The problem → Every record below should be transcribed exactly. Omit the images.

Source material →

────────────────────

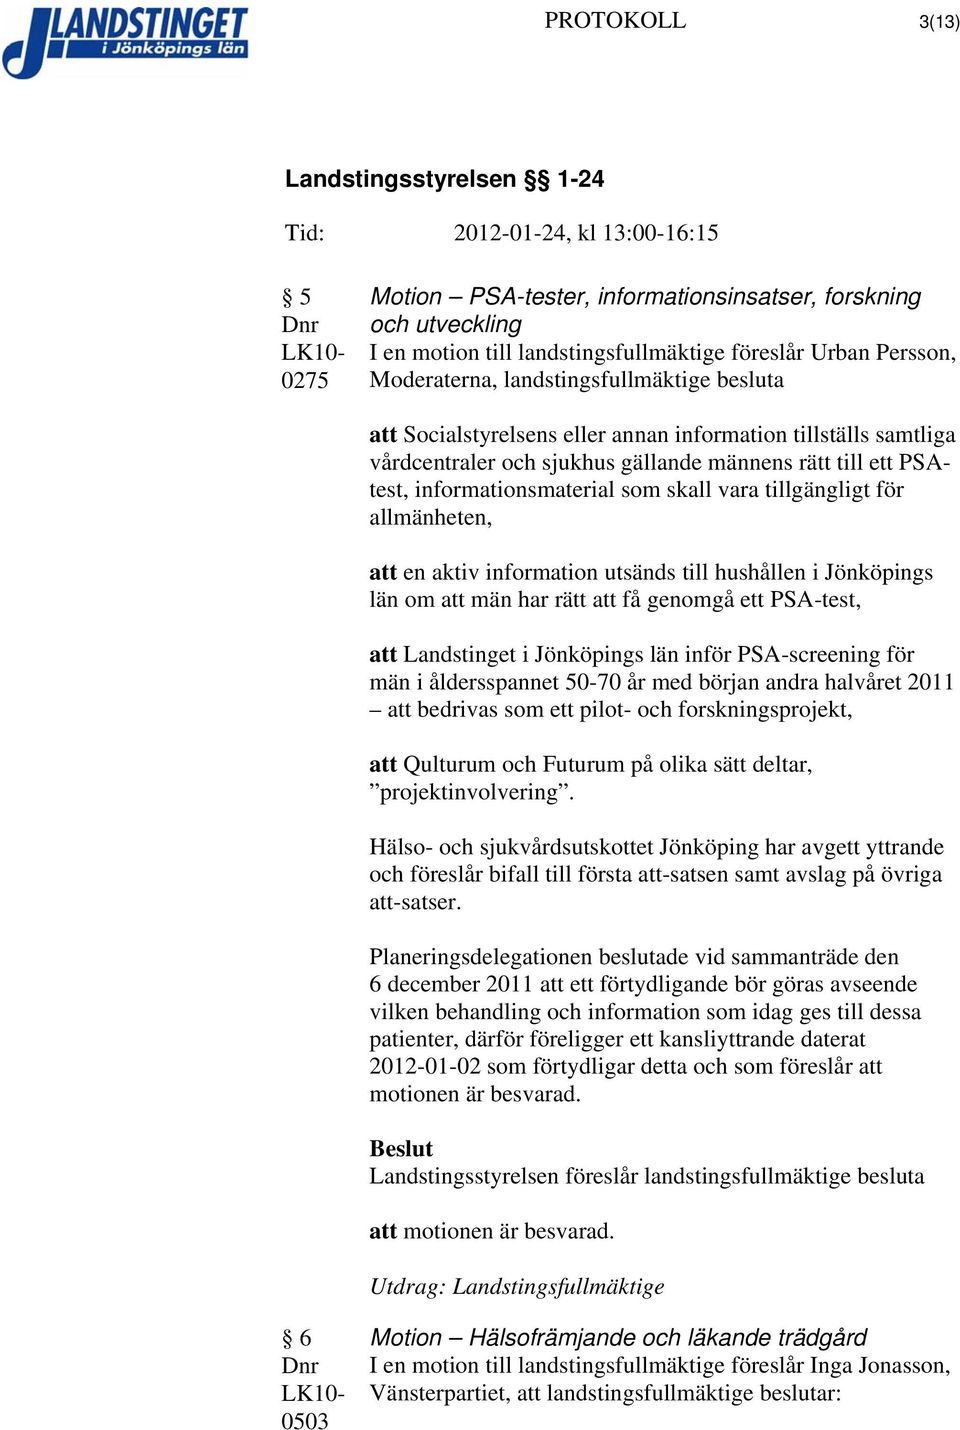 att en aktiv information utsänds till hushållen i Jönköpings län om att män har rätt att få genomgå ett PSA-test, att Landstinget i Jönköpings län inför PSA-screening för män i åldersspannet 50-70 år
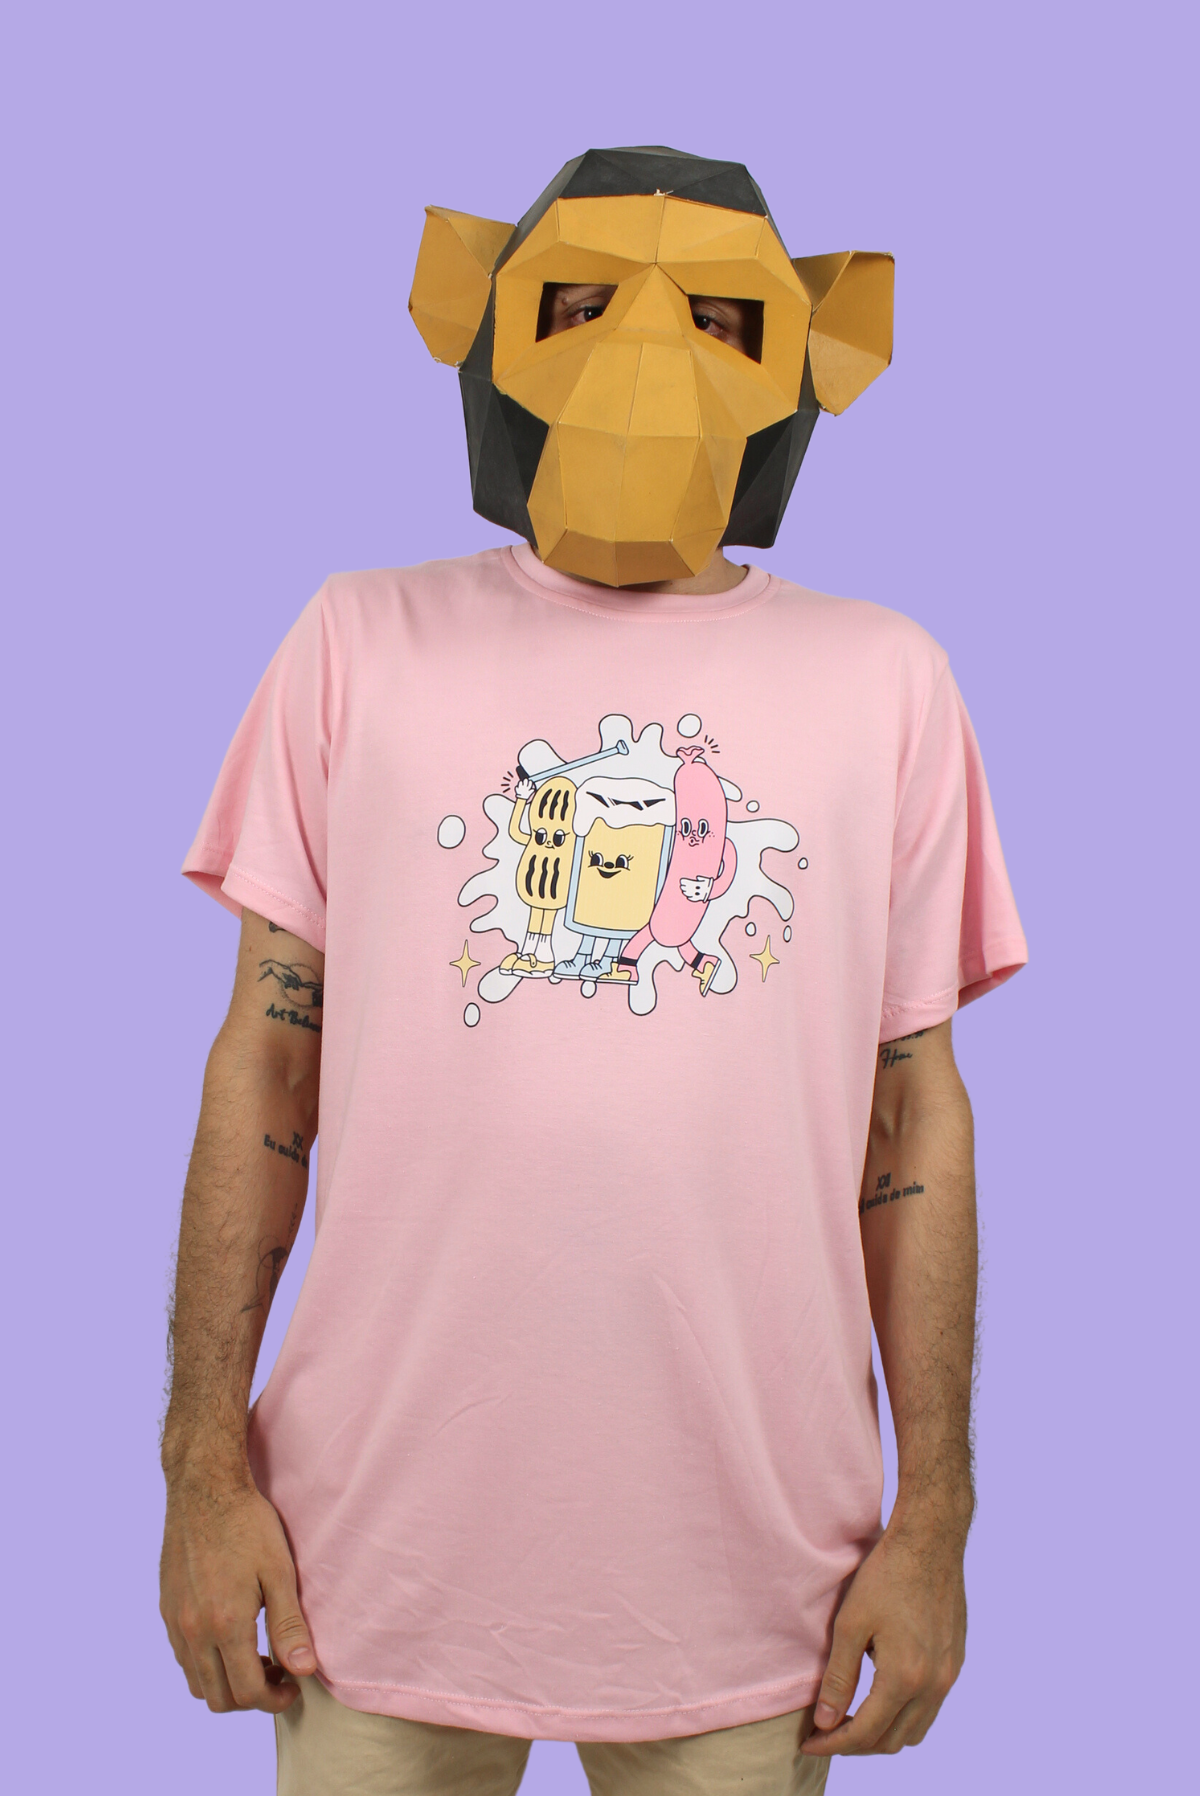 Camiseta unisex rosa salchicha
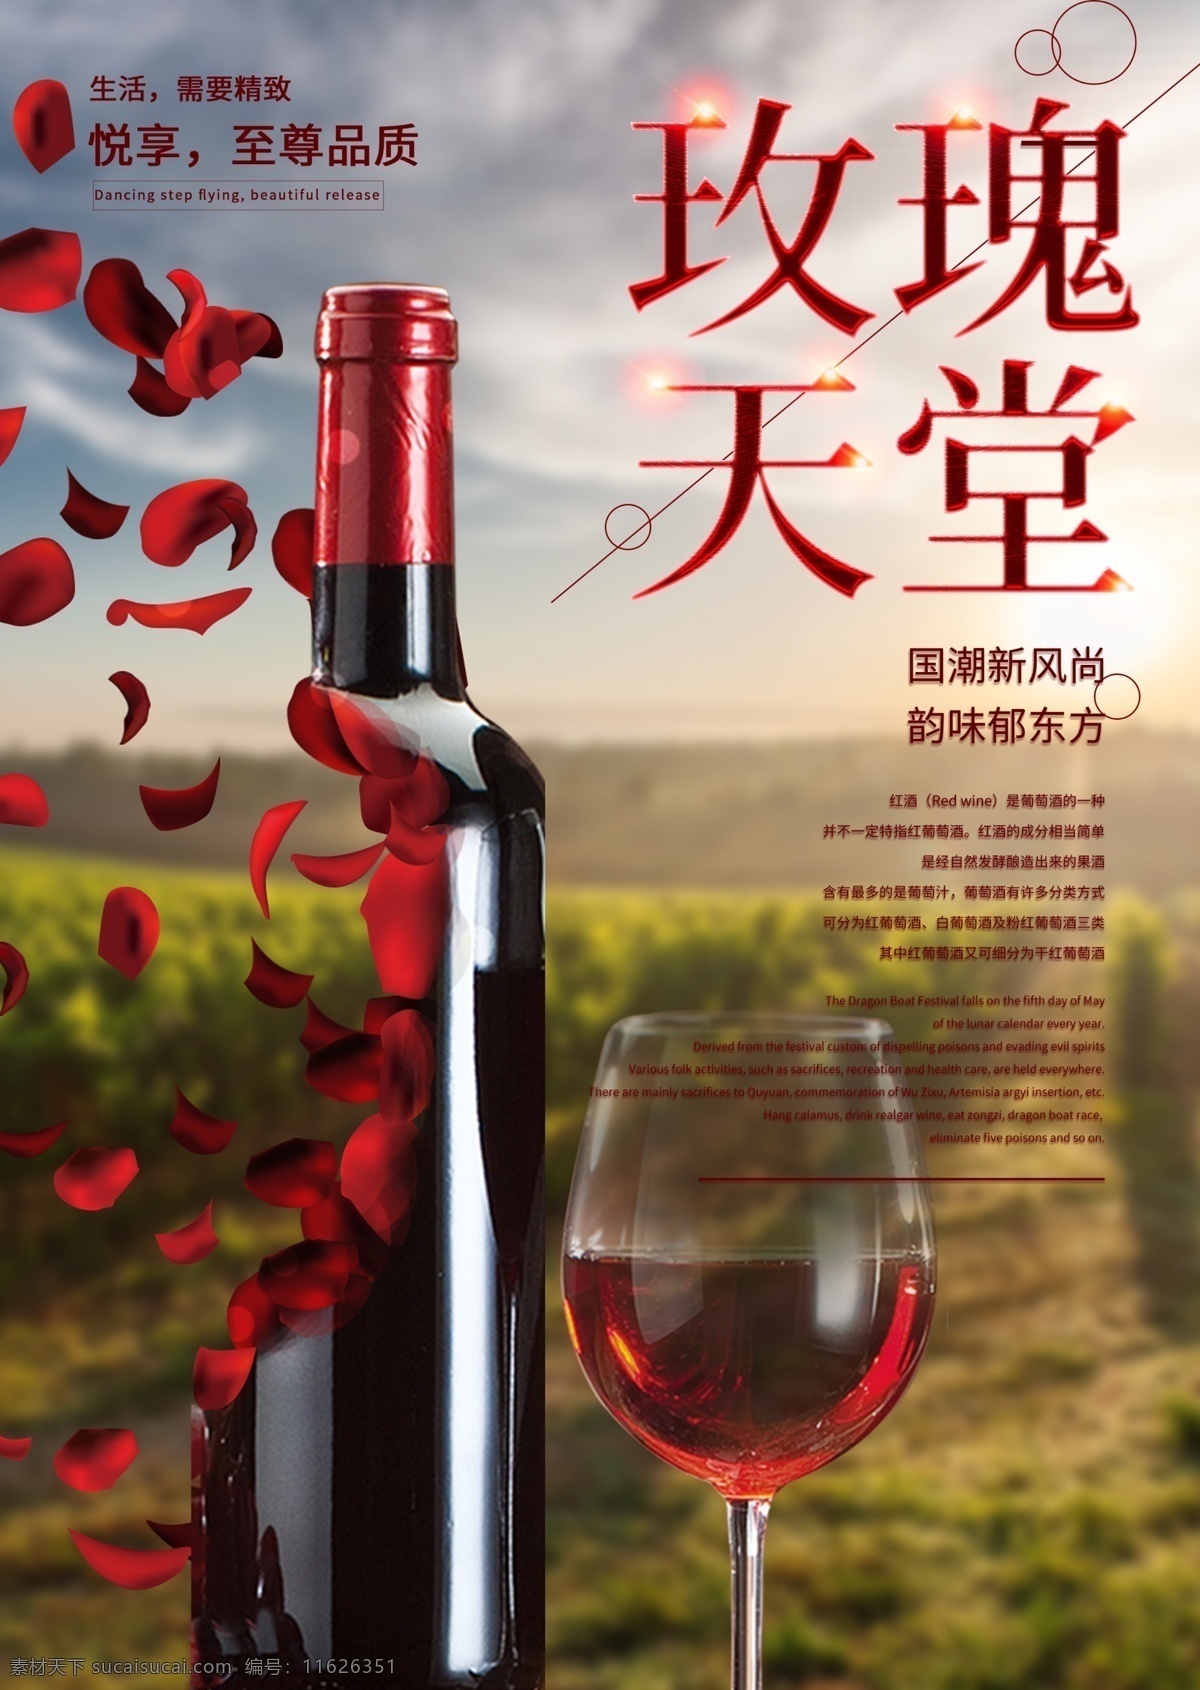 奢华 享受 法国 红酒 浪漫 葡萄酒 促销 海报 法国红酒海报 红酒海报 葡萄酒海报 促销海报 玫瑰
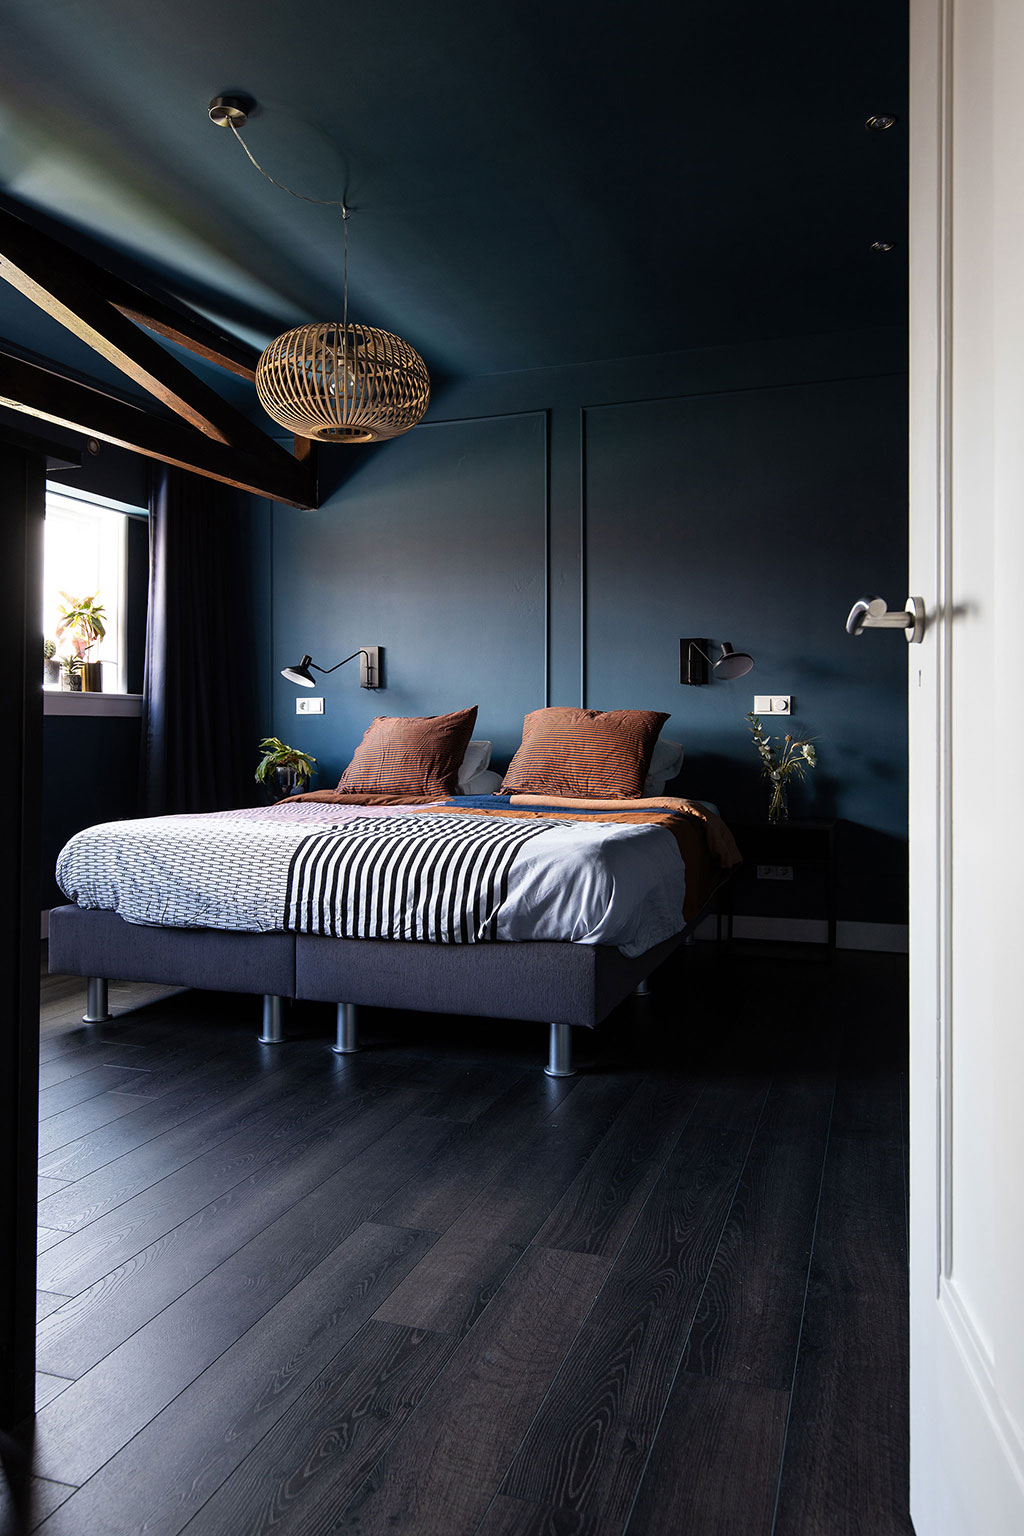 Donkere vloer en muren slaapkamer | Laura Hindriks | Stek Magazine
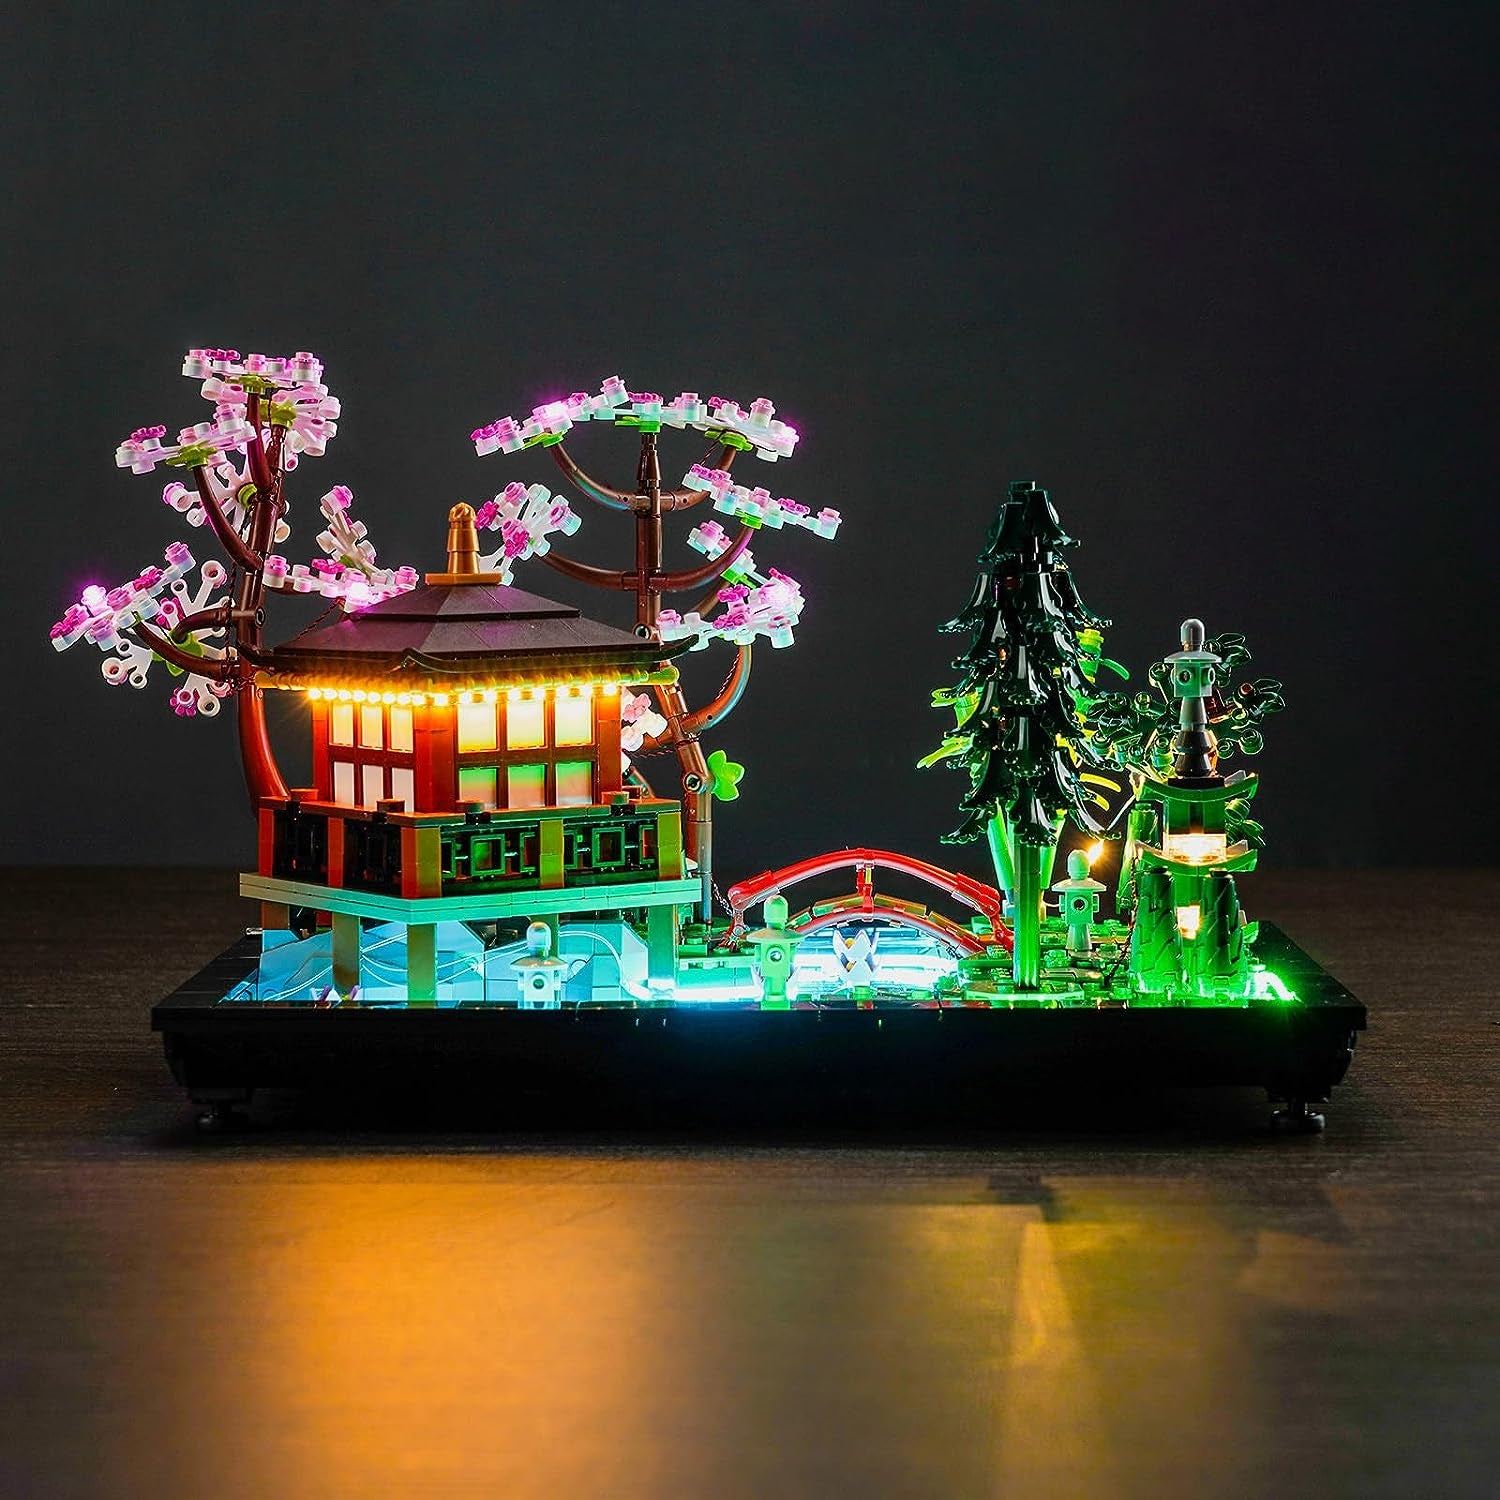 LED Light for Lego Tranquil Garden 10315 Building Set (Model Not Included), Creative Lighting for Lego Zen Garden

────────────────────

Response →
 att en aktiv information utsänds till hushållen i Jönköpings län om att män har rätt att få genomgå ett PSA-test, att Landstinget i Jönköpings län inför PSA-screening för män i åldersspannet 50-70 år
 Camiseta unisex rosa salchicha
 奢华 享受 法国 红酒 浪漫 葡萄酒 促销 海报 法国红酒海报 红酒海报 葡萄酒海报 促销海报 玫瑰
 Donkere vloer en muren slaapkamer | Laura Hindriks | Stek Magazine
 LED Light for Lego Tranquil Garden 10315 Building Set (Model Not Included), Creative Lighting for Lego Zen Garden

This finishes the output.